Regular Expressions Using Haskell€¦ · Introduction to Regular Expressions Regular Expressions Regular Expressions and Pattern Matching. You can guess the results of most matches

12-Dec-15 Regular Expressions. About “Regular” Expressions In a theory course you should have learned about regular expressions Regular expressions describe.

Costas Busch - LSU1 Regular Expressions. Costas Busch - LSU2 Regular Expressions Regular expressions describe regular languages Example: describes the.

UTS #18: Unicode Regular Expressions · A Unicode Technical Standard (UTS) is an independent specification. Conformance to the Conformance to the Unicode Standard does not imply conformance

Lecture 10 Regular Expressions - homes.cs.washington.eduhomes.cs.washington.edu/~bodik/.../sp12/lectures/10-regular-expres… · Regular Expressions regular expressions are a small

Regular expressions - Osaka City University · Equivalence of regular expressions and regular languages. Similarly, we can use regular operations to build up regular expressions:

Chapter 2. Regular Expressions and Automata 2.1 Regular Expressions

Regular Expressions - Computer Scienceotternes/comp455/3-regular-expressions.pdf · Regular Expressions Regular expressions are simply algebraic notation for defining languages. A

1 Regular Expressions. 2 Regular expressions describe regular languages Example: describes the language.
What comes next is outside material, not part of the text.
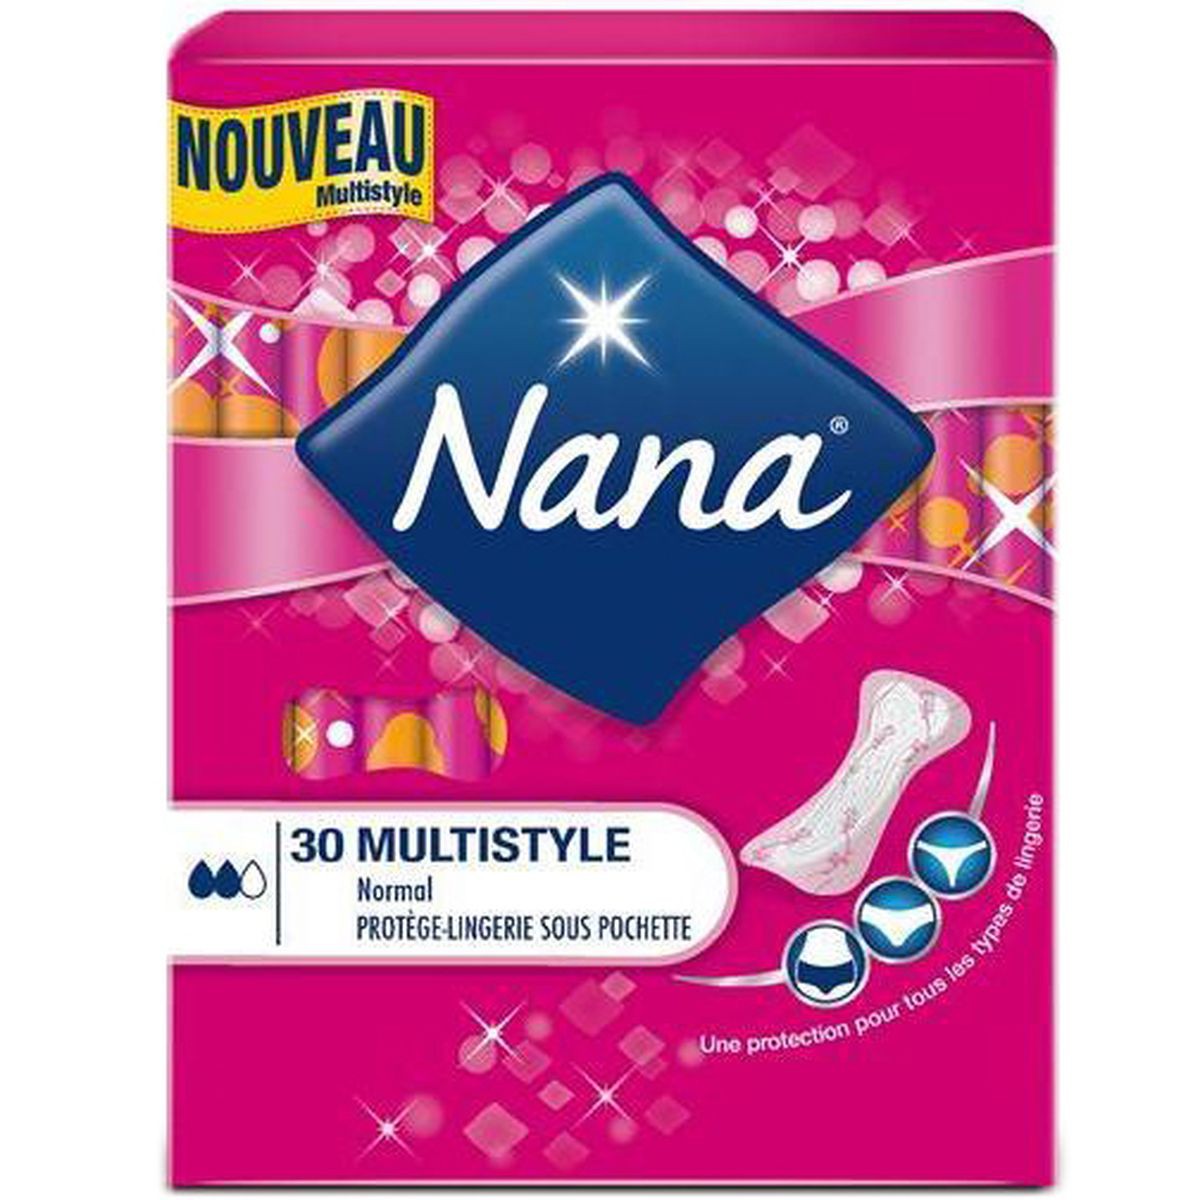 NANA Nana protège lingerie normal multistyle x60 pas cher 
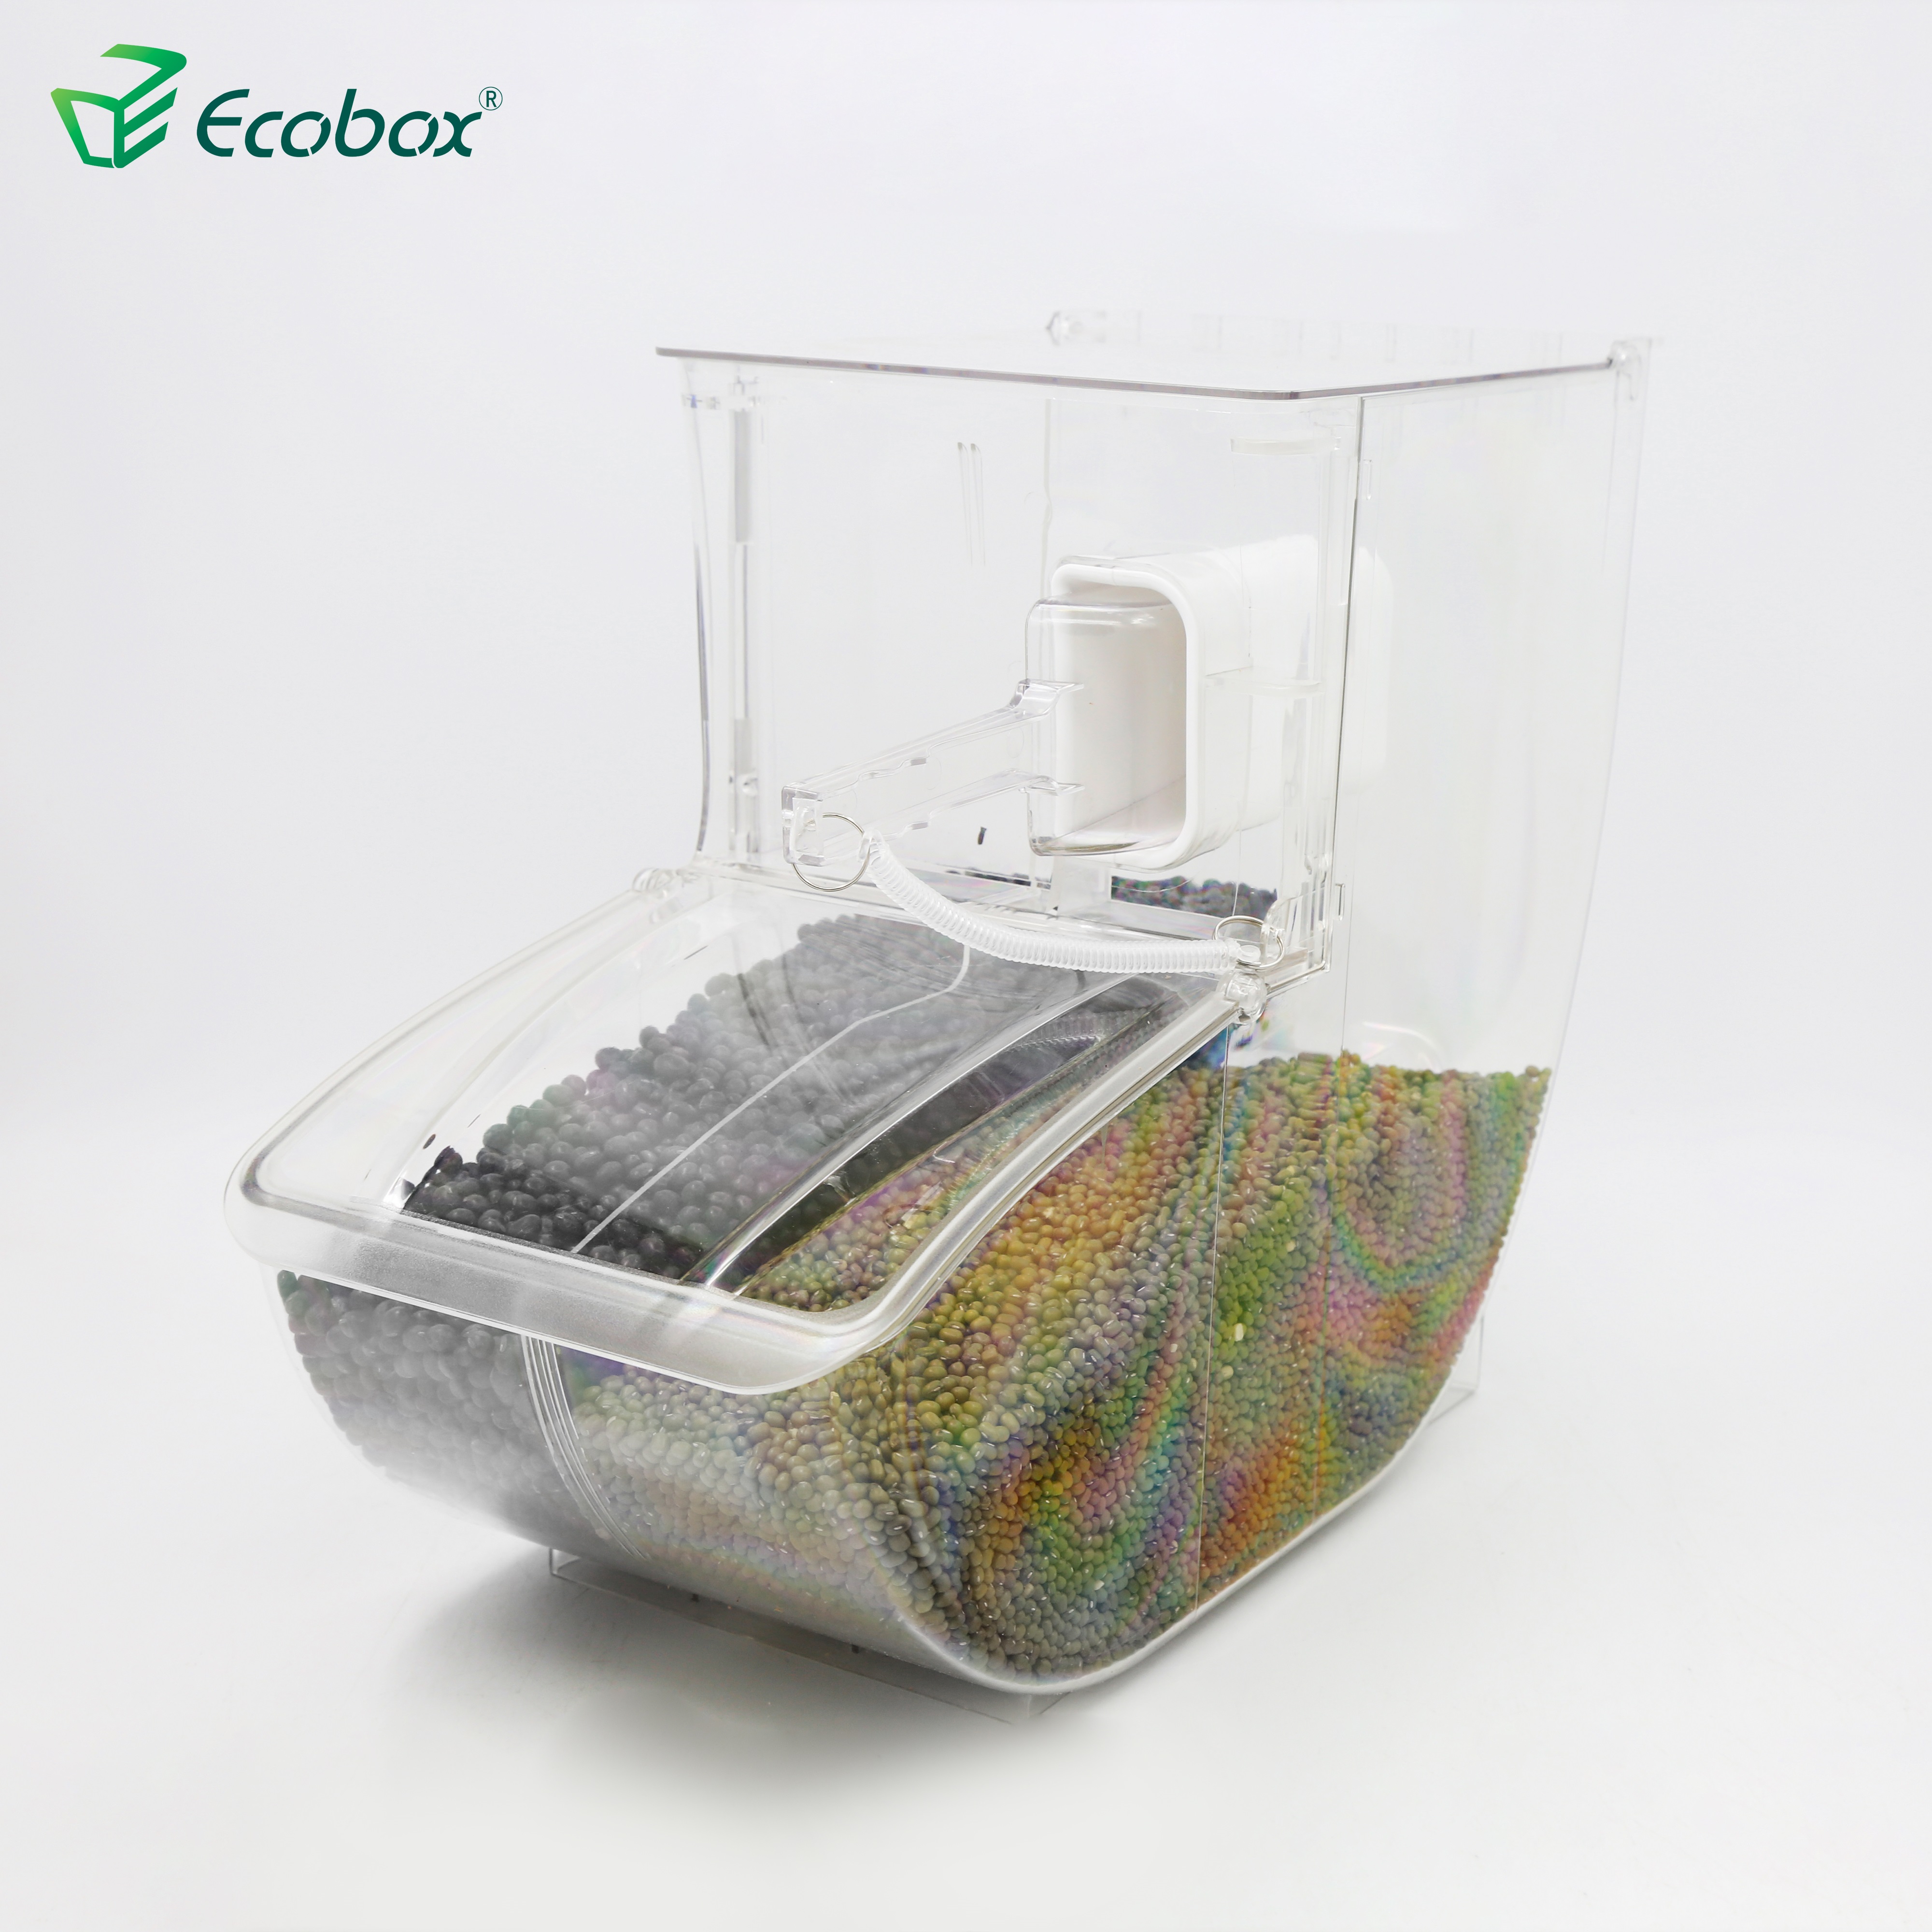  Ecobox SPH-002 Scoop bin

New in Unicode Mark Davis, John Jenkins. Agenda Unicode 4.1.0 UCA 4.1.0 Regular Expressions Security Considerations Character Mapping Common Locale Data.

Unicode Text and Regular Expression

Regular Expressions 101 Introduction to Regular Expressions

REGULAR EXPRESSIONS FRIEND OR FOE?. INTRODUCTION TO REGULAR EXPRESSIONS.

Unicode Regular Expressions

Theory of Computation (Fall 2014): Regular Expressions, Compiling Regular Expressions into NFAs & DFAs to Regular Expressions

Regular Expressionsdeepakd/atc-2013/regular-exp.pdf · Regular Expressions Kleene’s Theorem Equation-based alternate construction Examples of Regular Expressions Expressions built

Regular Expressions Regular Expressions. Regular Expressions Regular expressions are a powerful string manipulation tool All modern languages have.

Regular expressions Aleksandr Lenin. Outline Motivation for regular expressions Constructing regular expressions – Atoms – Repetition operators – Concatenation.